7. LIMITATION OF LIABILITY. TO THE EXTENT ALLOWED BY APPLICABLE LAW AND NOTWITHSTANDING ANY OTHER PROVISION APPLICABLE TO THIS TRANSACTION, IN NO EVENT SHALL CENVEO BE LIABLE FOR ANY INDIRECT, INCIDENTAL, SPECIAL, EXEMPLARY, PUNITIVE OR CONSEQUENTIAL DAMAGES, INCLUDING, WITHOUT LIMITATION, LOST PROFITS, LOST BUSINESS, LOSS ADVERTISING, OR BUSINESS INTERRUPTION, HOWEVER CAUSED AND ON ANY THEORY OF LIABILITY ARISING OUT OF OR IN ANY WAY CONNECTED WITH THIS TRANSACTION OR THE PRODUCT FURNISHED UNDER THESE TERMS, EVEN IF CENVEO HAS BEEN ADVISED OF THE POSSIBILITY OF SUCH DAMAGES. CENVEO'S LIABILITY FOR ANY AND ALL CLAIMS ARISING OUT OF THIS TRANSACTION, AND CUSTOMER'S REMEDY THEREFORE, SHALL BE LIMITED TO AN AMOUNT NOT GREATER THAN CENVEO’S PRICE TO CUSTOMER FOR THE AFFECTED PRODUCT OR REPLACEMENT OF ANY NONCONFORMING PRODUCT, WHICH IS THE SUBJECT OF CUSTOMER’S CLAIM, AT THE OPTION OF CENVEO.

8. FORCE MAJEURE. Cenveo shall have no liability for delays in the performance, or nonperformance, of this transaction or the Product(s) furnished under these Terms occasioned by circumstances or causes beyond the reasonable control of Cenveo, including, without limitation, acts of God, requests, intervention or governmental (foreign or domestic) acts, laws, rules, orders and regulations (including, without limitation, priorities or restrictions effected pursuant to the provisions of emergency legislation by any governmental authority), global health conditions (including, but not limited to, any epidemic, pandemic or disease outbreak (including, but not limited to, COVID-19)), fires, floods, earthquakes or other natural disaster, accidents, war, terrorist events, labor trouble or shortage, civil unrest, insurrection or riots, sabotage, embargo, acts of the public enemy, shortage or inability to obtain (on terms deemed economically and commercially practicable by Cenveo) any materials (including, but not limited to, fuel, power, energy), equipment, transportation or shipping space, plant shut down, equipment breakdown, delays or failure of carriers, contractors or suppliers to provide services or supply materials to Cenveo on terms Cenveo deems economically and commercially practicable, or any other events or circumstances of like or unlike nature beyond Cenveo’s reasonable control, provided that Cenveo has taken reasonable measures to promptly notify Customer, in writing, of the delay or inability.

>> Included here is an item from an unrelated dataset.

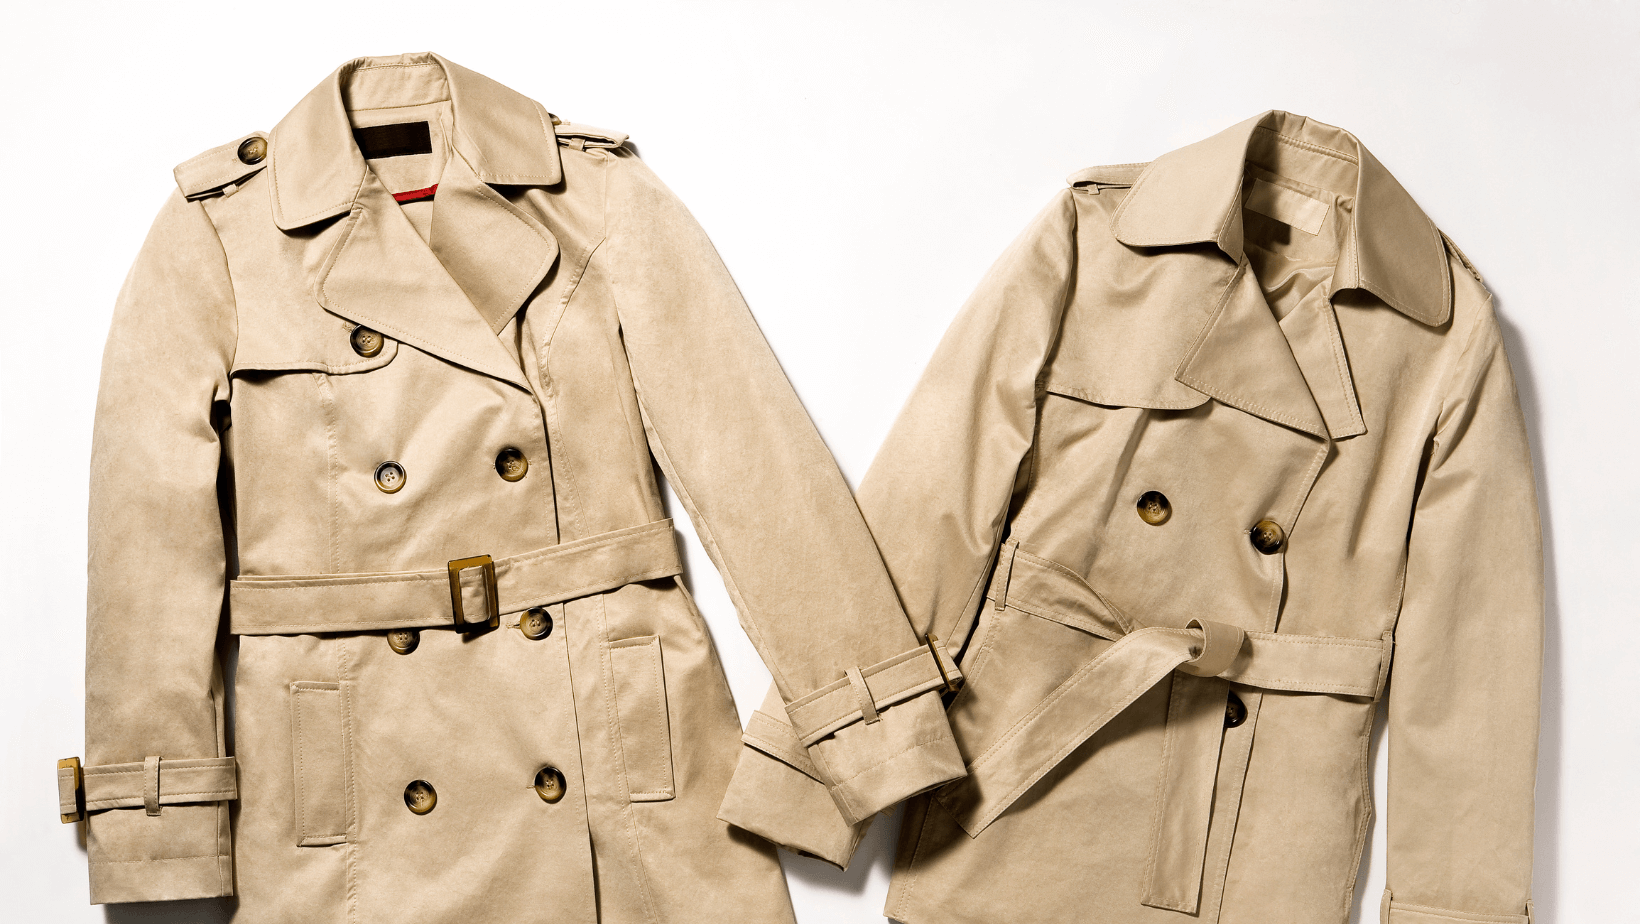 Developing The Trench Coat

In addition, Cenveo will thereby be excused from such performance during the continuation of such period of delay or inability. During any period when Cenveo is unable to supply the ordered quantity of Product, whether caused by the circumstances above or  otherwise, Cenveo may, in its sole discretion, allocate any available resources, materials, goods, products and/or services among its customers and for its use in such manner and on such basis as Cenveo deems fair and reasonable, without liability to Customer. The foregoing provision shall in no event relieve Customer of its obligation to timely pay in-full invoices otherwise due.

9. SPECIALLY ORDERED PAPER OR MATERIALS. If Cenveo purchases paper or other specialty materials, including without limitation packaging, for a specific Customer or job, and such paper or materials are not used within forty-five (45) days of the receipt of the paper or materials by Cenveo, Cenveo may invoice the Customer for such paper or materials.

10. LIEN ON CUSTOMER PROPERTY. As security for payment of any sums due or to become due under these Terms, or any other agreement between Cenveo and Customer, Customer hereby grants to Cenveo a security interest in, a lien upon and the right to retain possession of, sell or use in any way all materials, paper and any other property owned by Customer and in Cenveo's possession and all work-in-process and/or undelivered finished Product.

11. MATERIALS FURNISHED BY CUSTOMER. Any materials furnished by Customer shall be packed properly and received by Cenveo in proper condition and form to meet the manufacturing standards of Cenveo. Additional costs incurred by Cenveo due to delays in production, damage to equipment or the necessity to correct, repair, replace, substitute, or remake such materials because of Customer's failure to meet such standards shall be charged to Customer. Cenveo assumes no responsibility for the condition or quality of materials supplied by Customer or for the color fidelity of a completed product made from film furnished by Customer.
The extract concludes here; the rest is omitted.